An example of counterfactual explanation on sentiment analysis. The method implemented in the library is based on the Polyjuice model developed by Wu et al. Please cite the work: https://github.com/tongshuangwu/polyjuice if using this explainer.

[1]:
# This default renderer is used for sphinx docs only.

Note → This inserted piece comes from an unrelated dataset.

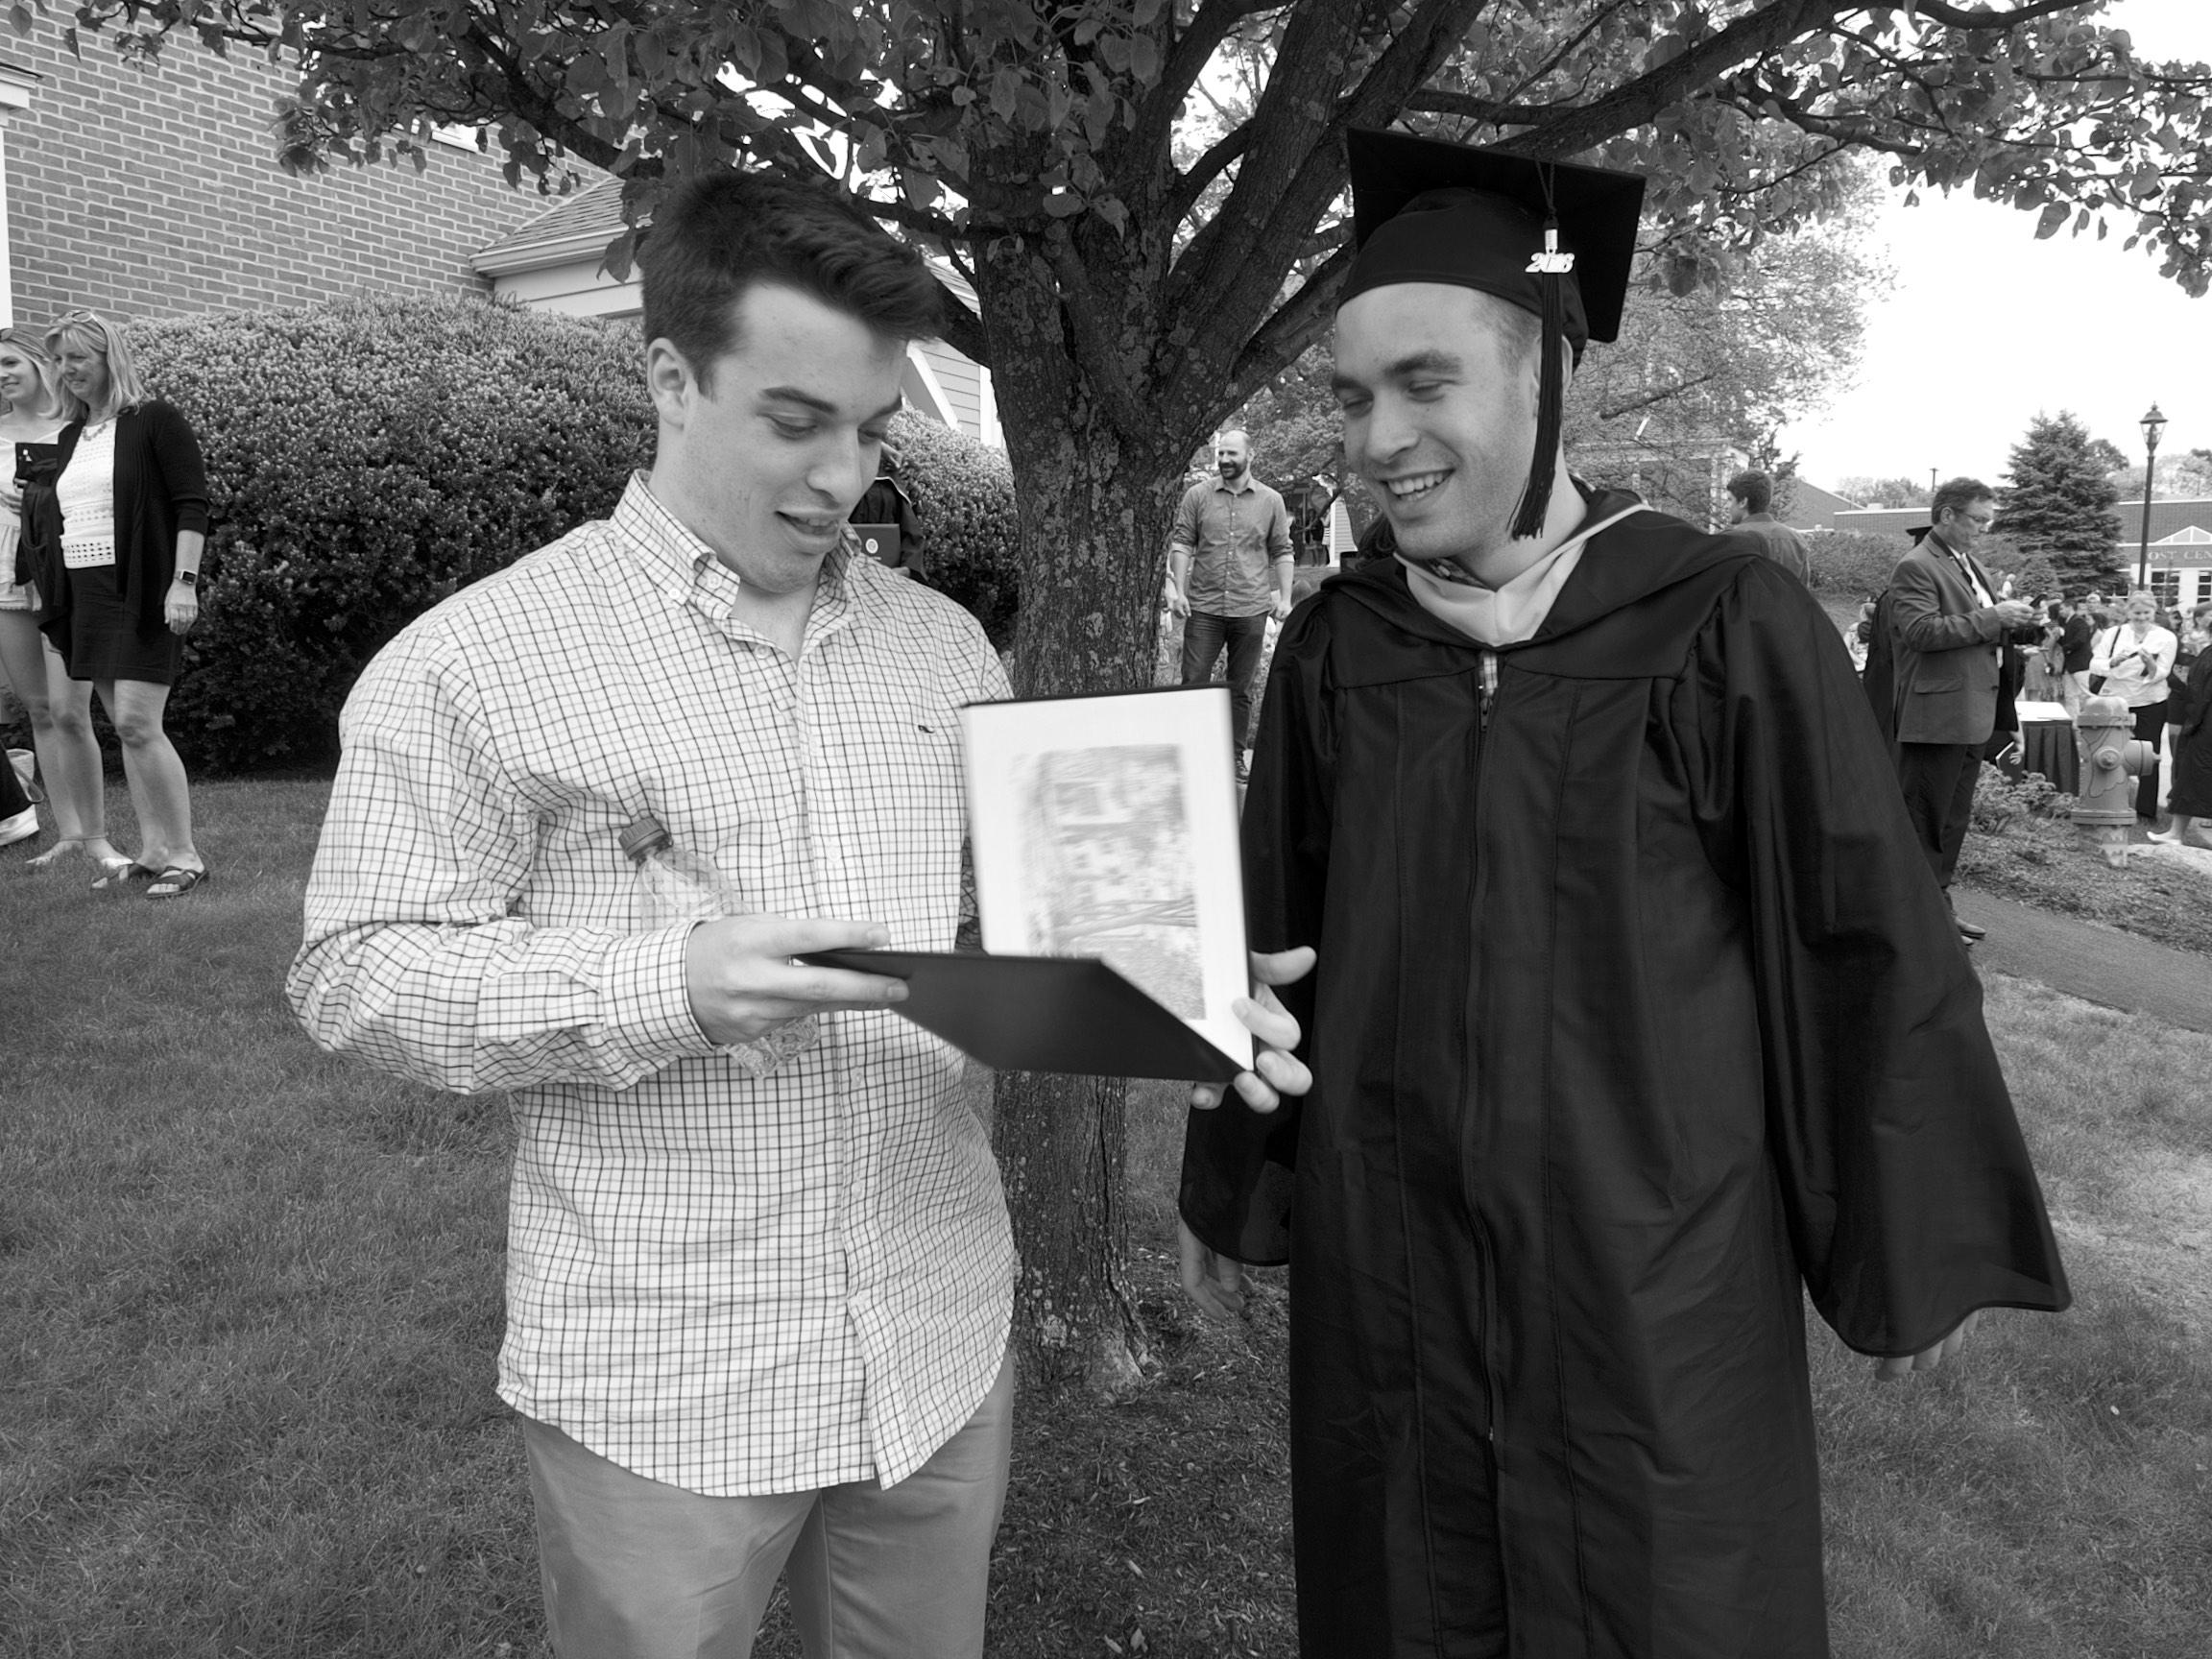 zach_graduation_P5210132.jpg

Please delete this cell in IPython.
import plotly.io as pio
pio.renderers.default = "png"
[2]:
import transformers
import numpy as np
from omnixai.data.text import Text
from omnixai.explainers.nlp.counterfactual.polyjuice import Polyjuice
[3]:
# A transformer model for sentiment analysis
model = transformers.pipeline(
    'sentiment-analysis',
    model='distilbert-base-uncased-finetuned-sst-2-english',
    return_all_scores=True
)
idx2label = {"NEGATIVE": 0, "POSITIVE": 1}
[4]:
# Build the prediction function, e.g., the outputs of the prediction function are the class probabilities.
def _predict(x):
    scores = []
    predictions = model(x.values)
    for pred in predictions:
        score = [0.0, 0.0]
        for d in pred:
            if d['label'] == 'NEGATIVE':
                score[0] = d['score']
            else:
                score[1] = d['score']
        scores.append(score)
    return np.array(scores)
[5]:
# Initialize the counterfactual explainer based on Polyjuice
explainer = Polyjuice(predict_function=_predict)
[6]:
x = Text([
    "What a great movie! if you have no taste.",
    "it was a fantastic performance!",
    "best film ever",
    "such a great show!",
    "it was a horrible movie",
    "i've never watched something as bad"
])
explanations = explainer.explain(x)
explanations.ipython_plot()
INFO:polyjuice.polyjuice_wrapper:Setup Polyjuice.
INFO:polyjuice.polyjuice_wrapper:Setup SpaCy processor.
INFO:polyjuice.polyjuice_wrapper:Setup perplexity scorer.
Asking to truncate to max_length but no maximum length is provided and the model has no predefined maximum length. Default to no truncation.
../../_images/tutorials_nlp_ce_classification_7_1.png